┌────────
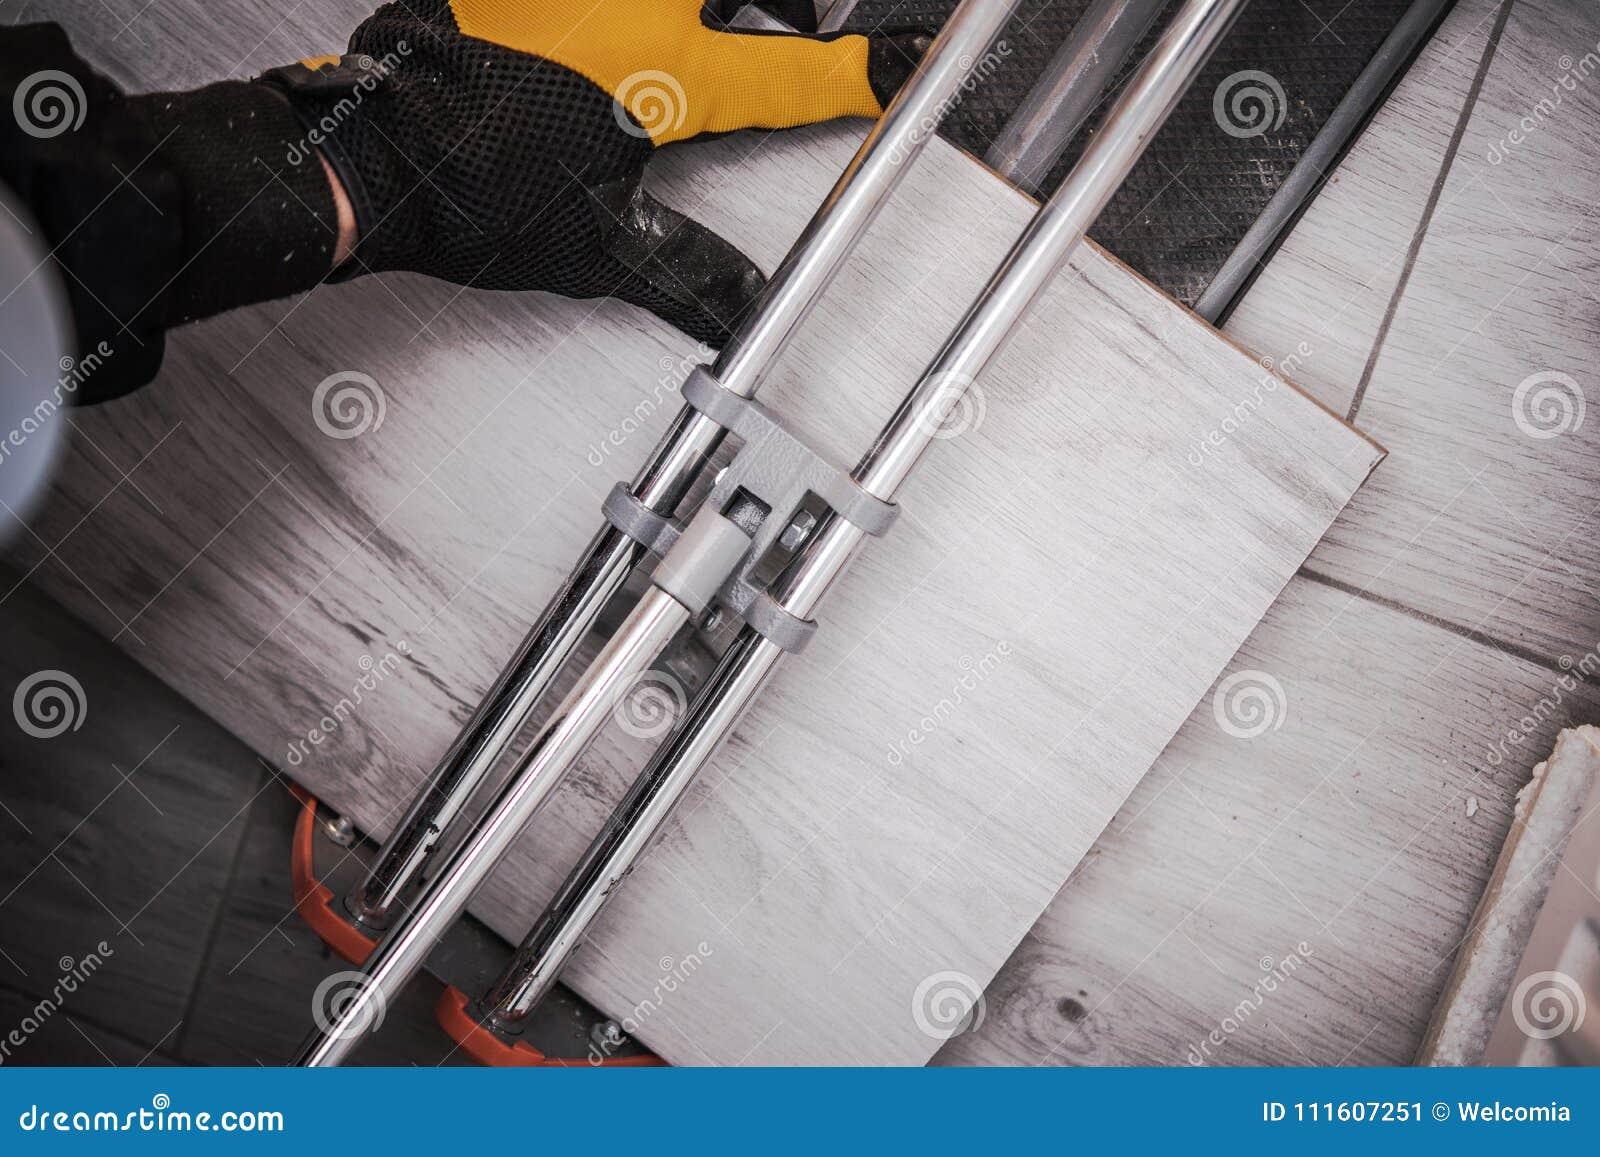 Floor Tiles Installation stock image. Image of worker - 111607251
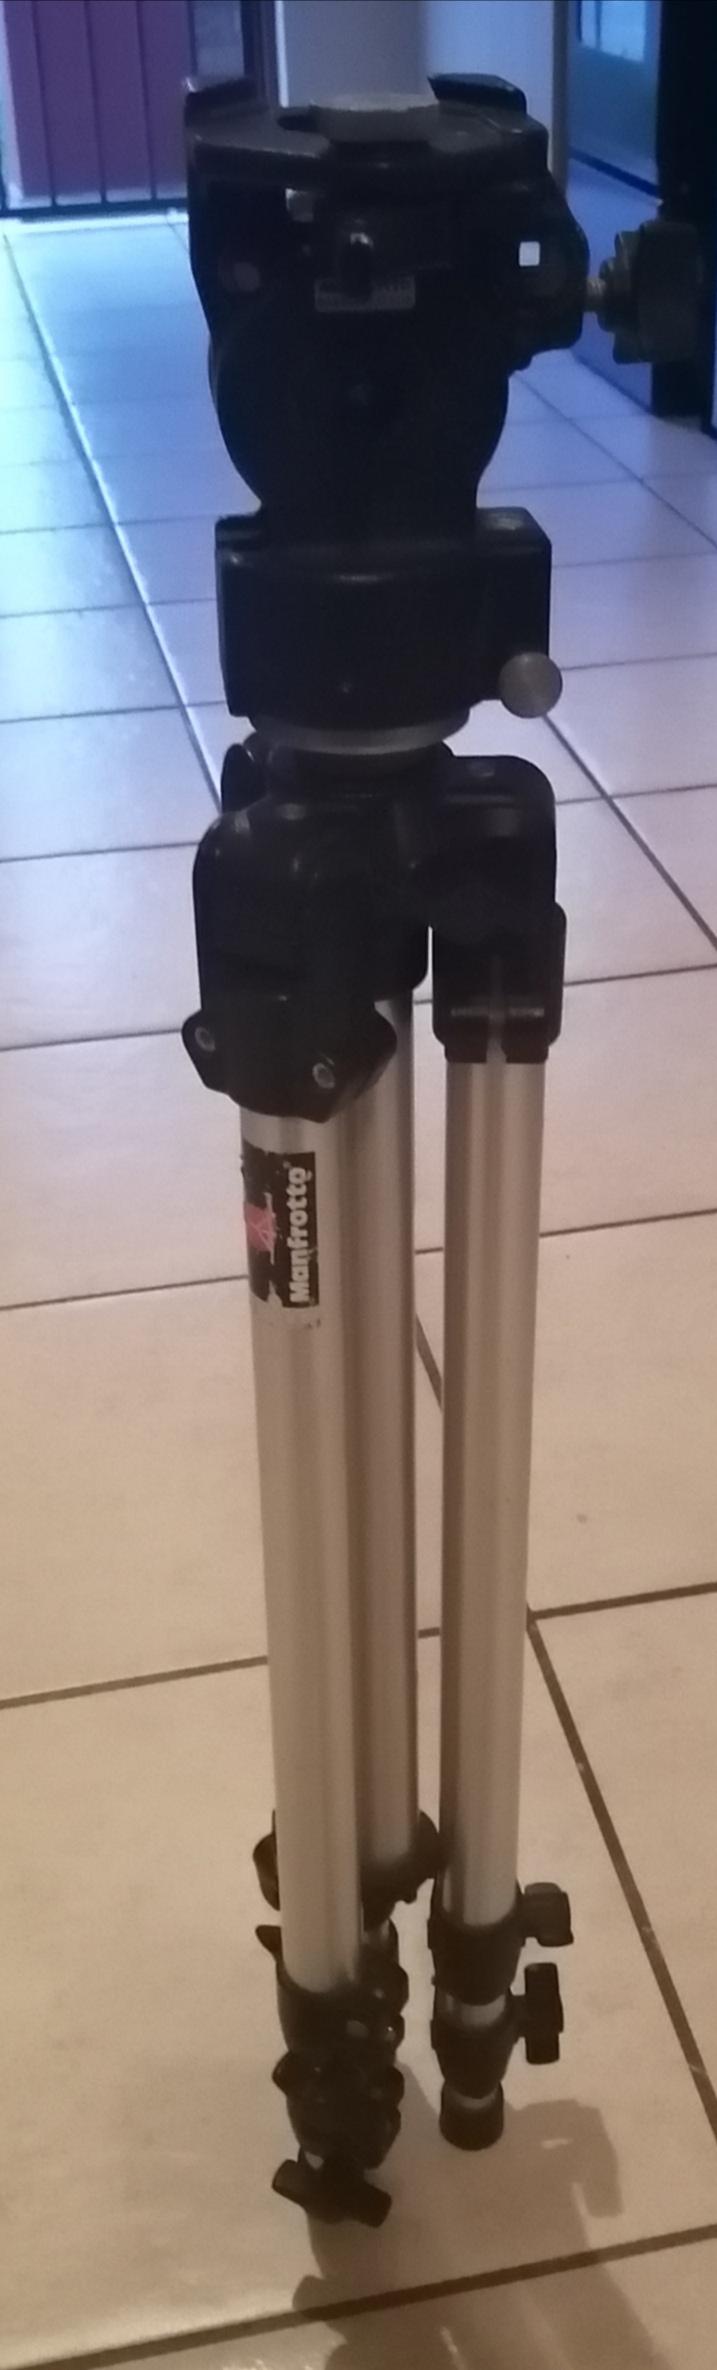 Manfrotto 136 pro Head & Manfrotto Aluminium tripod legs
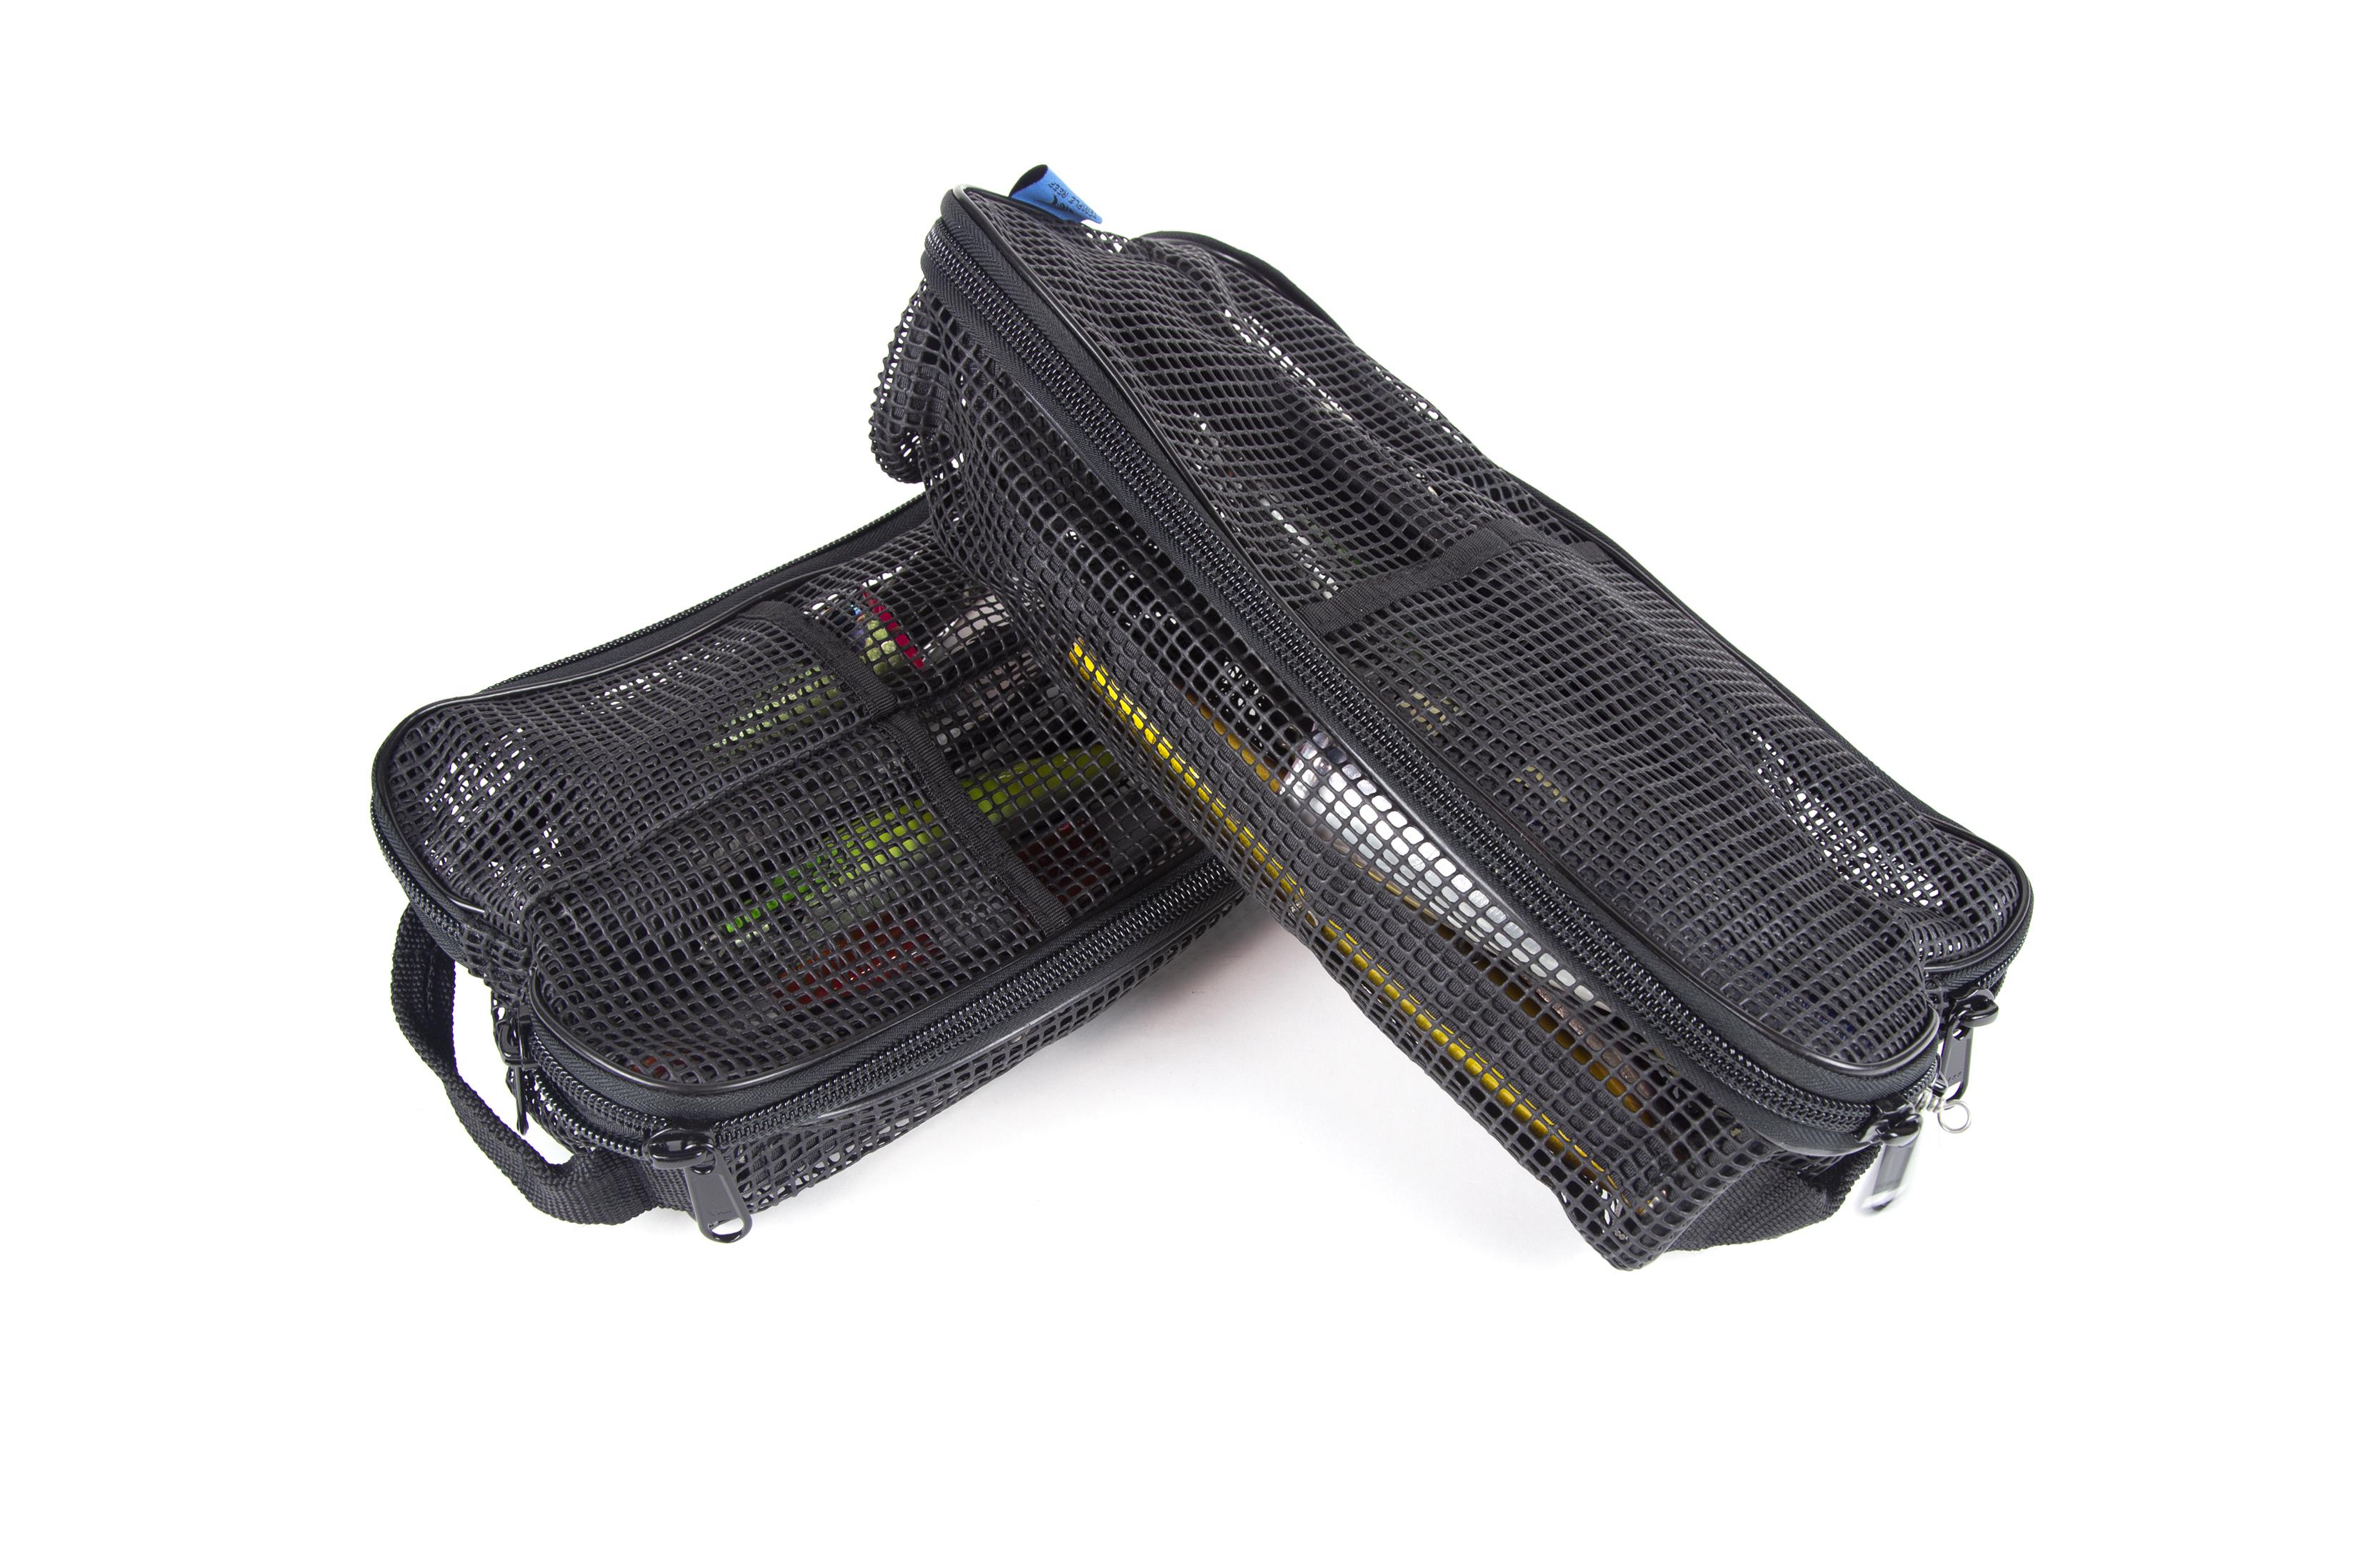 mesh-lure-bag-IMG_4314
└────────
> **What you will do**
Set down the material above as is, without any pictures.

> **Exercise solution**
 Floor Tiles Installation stock image. Image of worker - 111607251
 Manfrotto 136 pro Head & Manfrotto Aluminium tripod legs
 mesh-lure-bag-IMG_4314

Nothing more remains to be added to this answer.